(Data for processing begins)

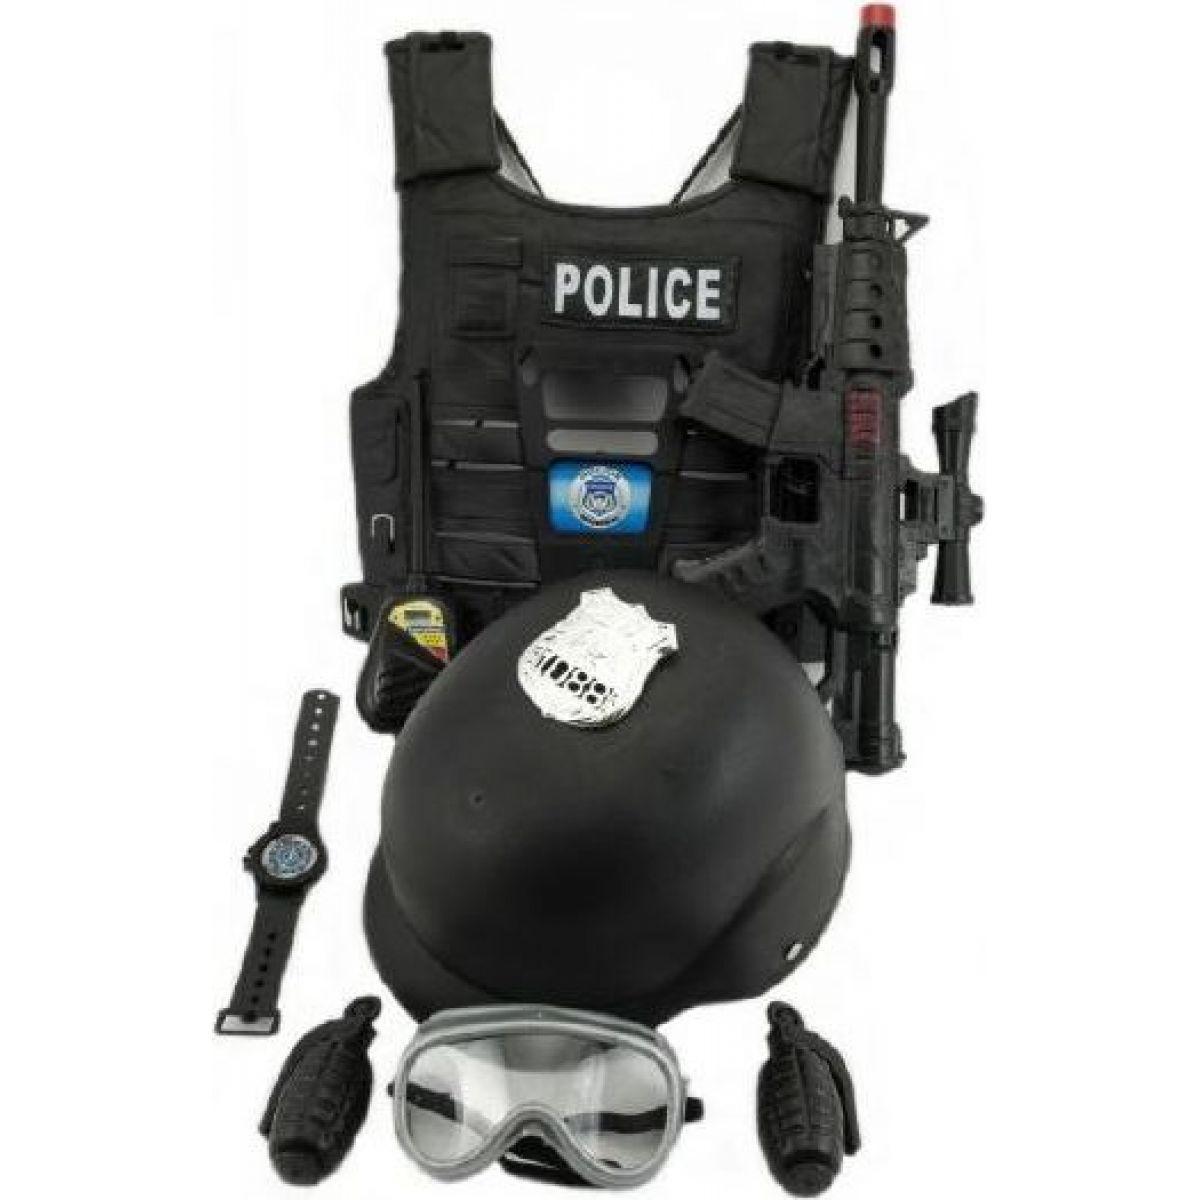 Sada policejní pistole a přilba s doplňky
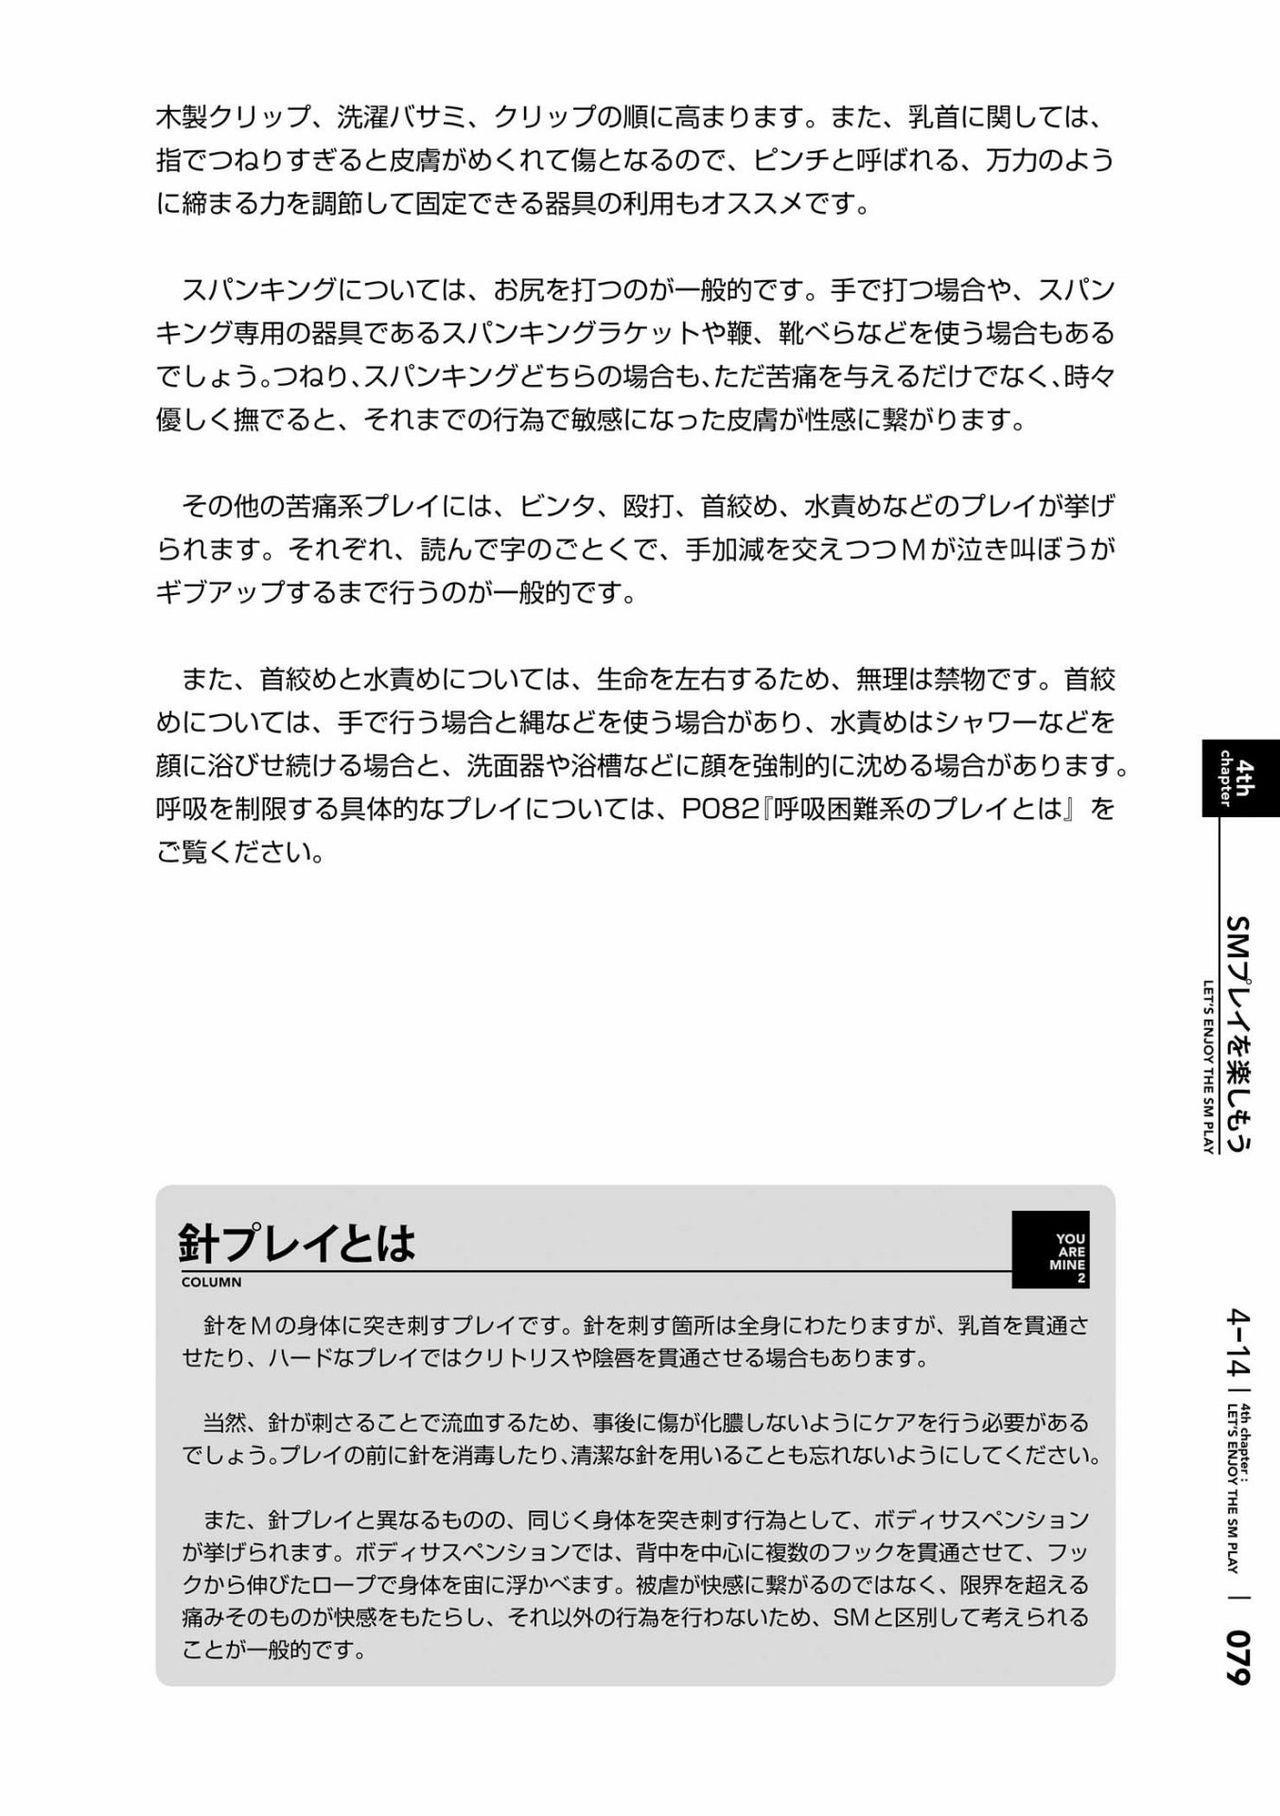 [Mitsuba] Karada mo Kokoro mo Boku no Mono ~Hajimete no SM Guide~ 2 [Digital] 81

(Data for processing ends)
(Data for processing begins)

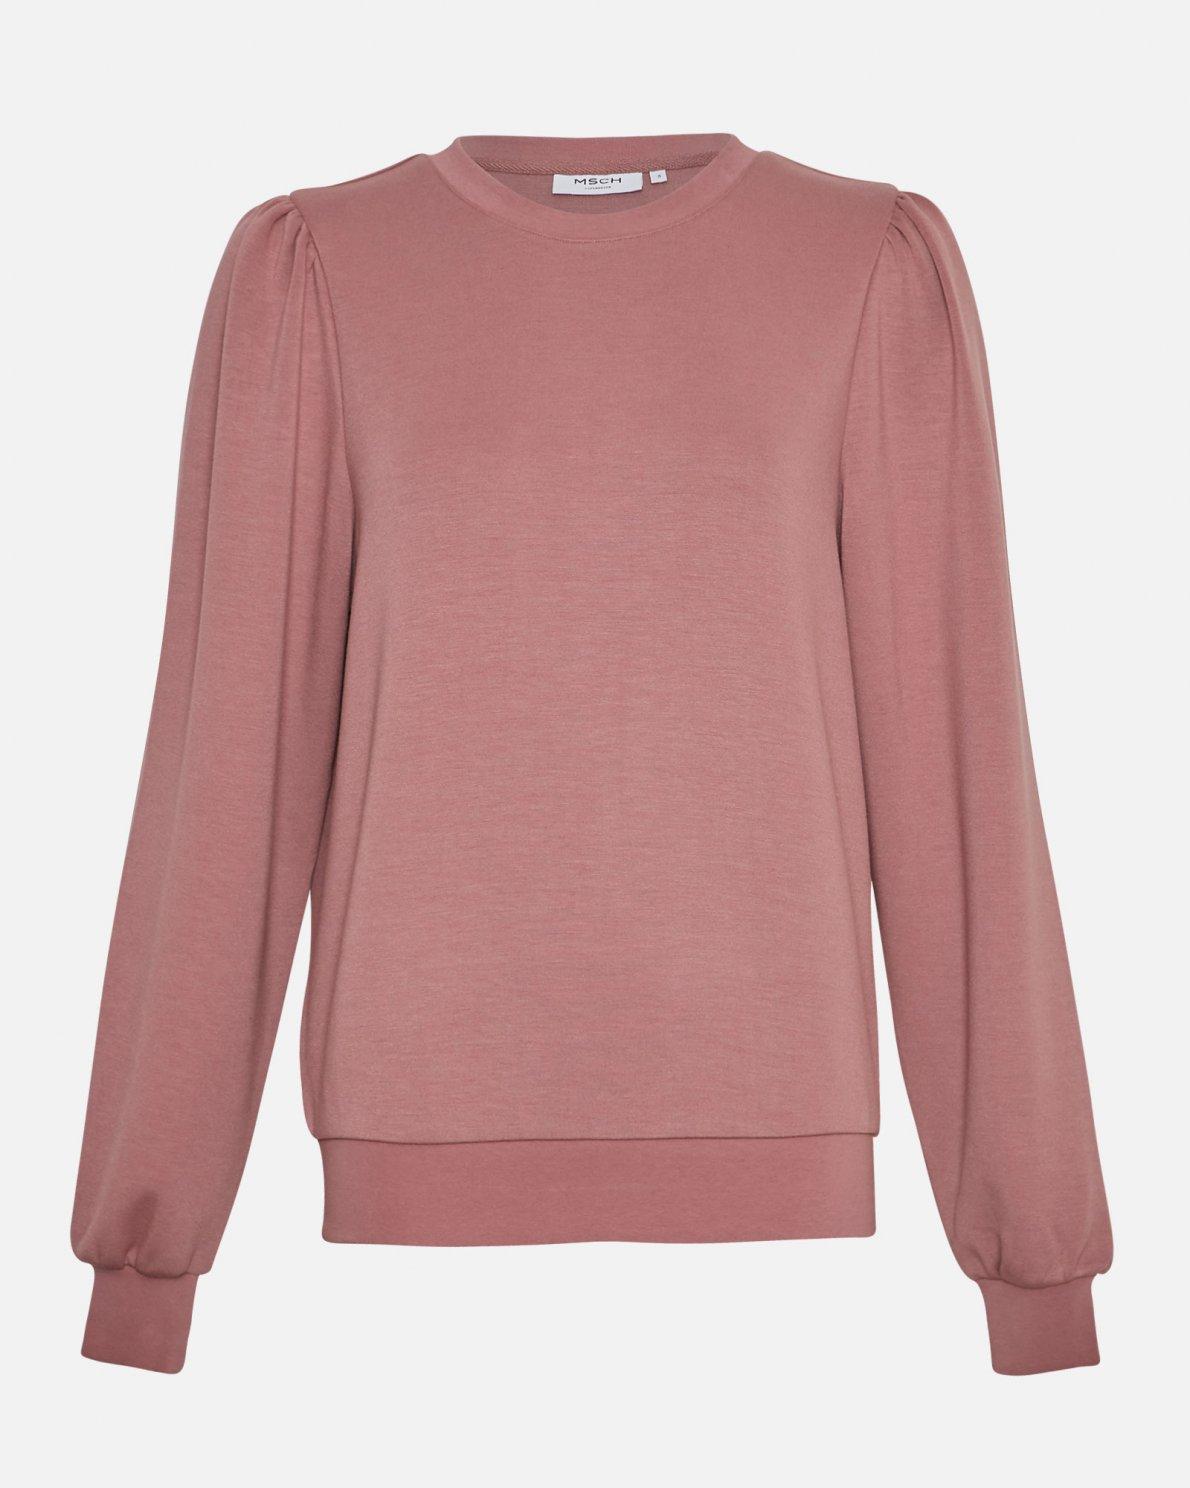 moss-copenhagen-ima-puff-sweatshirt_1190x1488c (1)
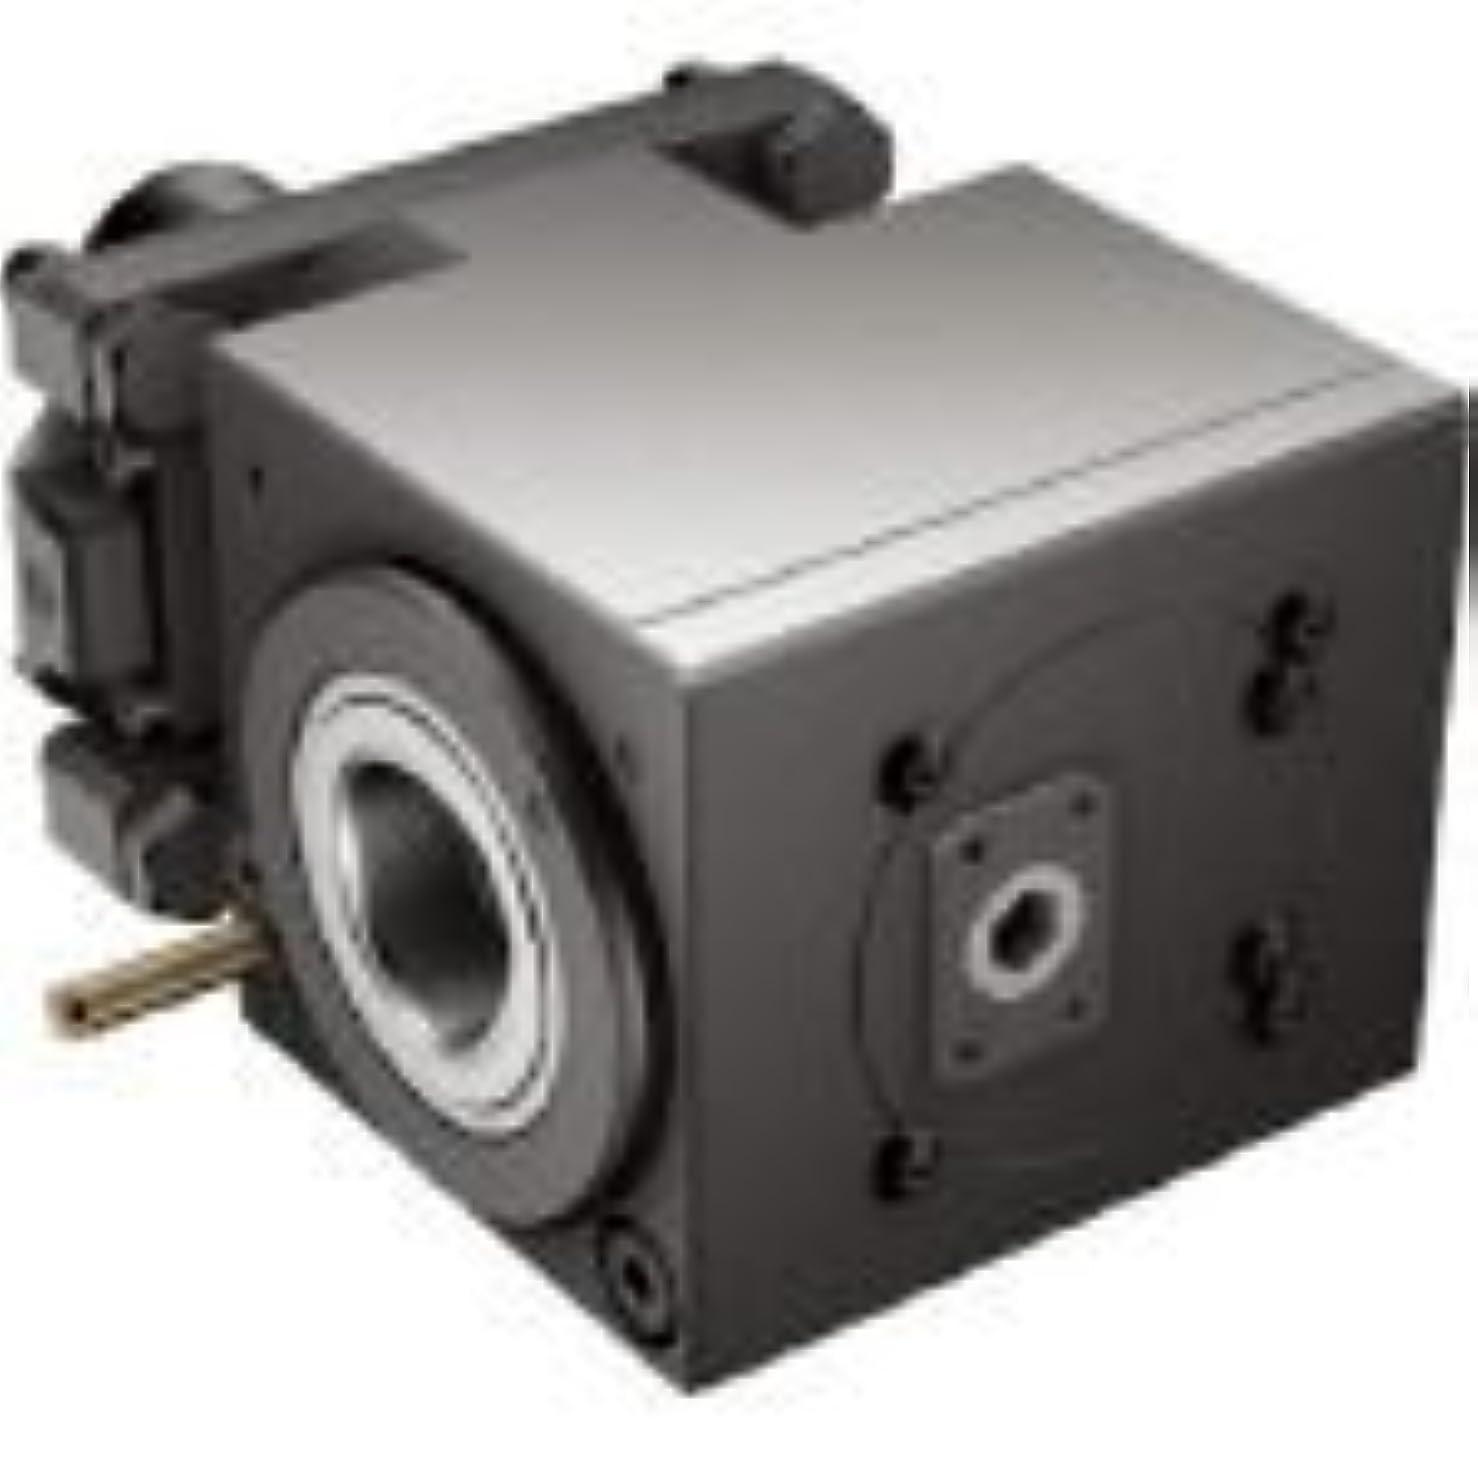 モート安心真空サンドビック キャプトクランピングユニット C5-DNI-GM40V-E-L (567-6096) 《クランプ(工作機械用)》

(Data for processing ends)

- What the task asks -
Take only the lines above from the one that has "moss-copenhagen-ima-puff-sweatshirt_1190x1488c (1)" through the one that has "モート安心真空サンドビック キャプトクランピングユニット C5-DNI-GM40V-E-L" and reproduce them exactly, omitting any pictures.

- Response below -
 moss-copenhagen-ima-puff-sweatshirt_1190x1488c (1)
 モート安心真空サンドビック キャプトクランピングユニット C5-DNI-GM40V-E-L (567-6096) 《クランプ(工作機械用)》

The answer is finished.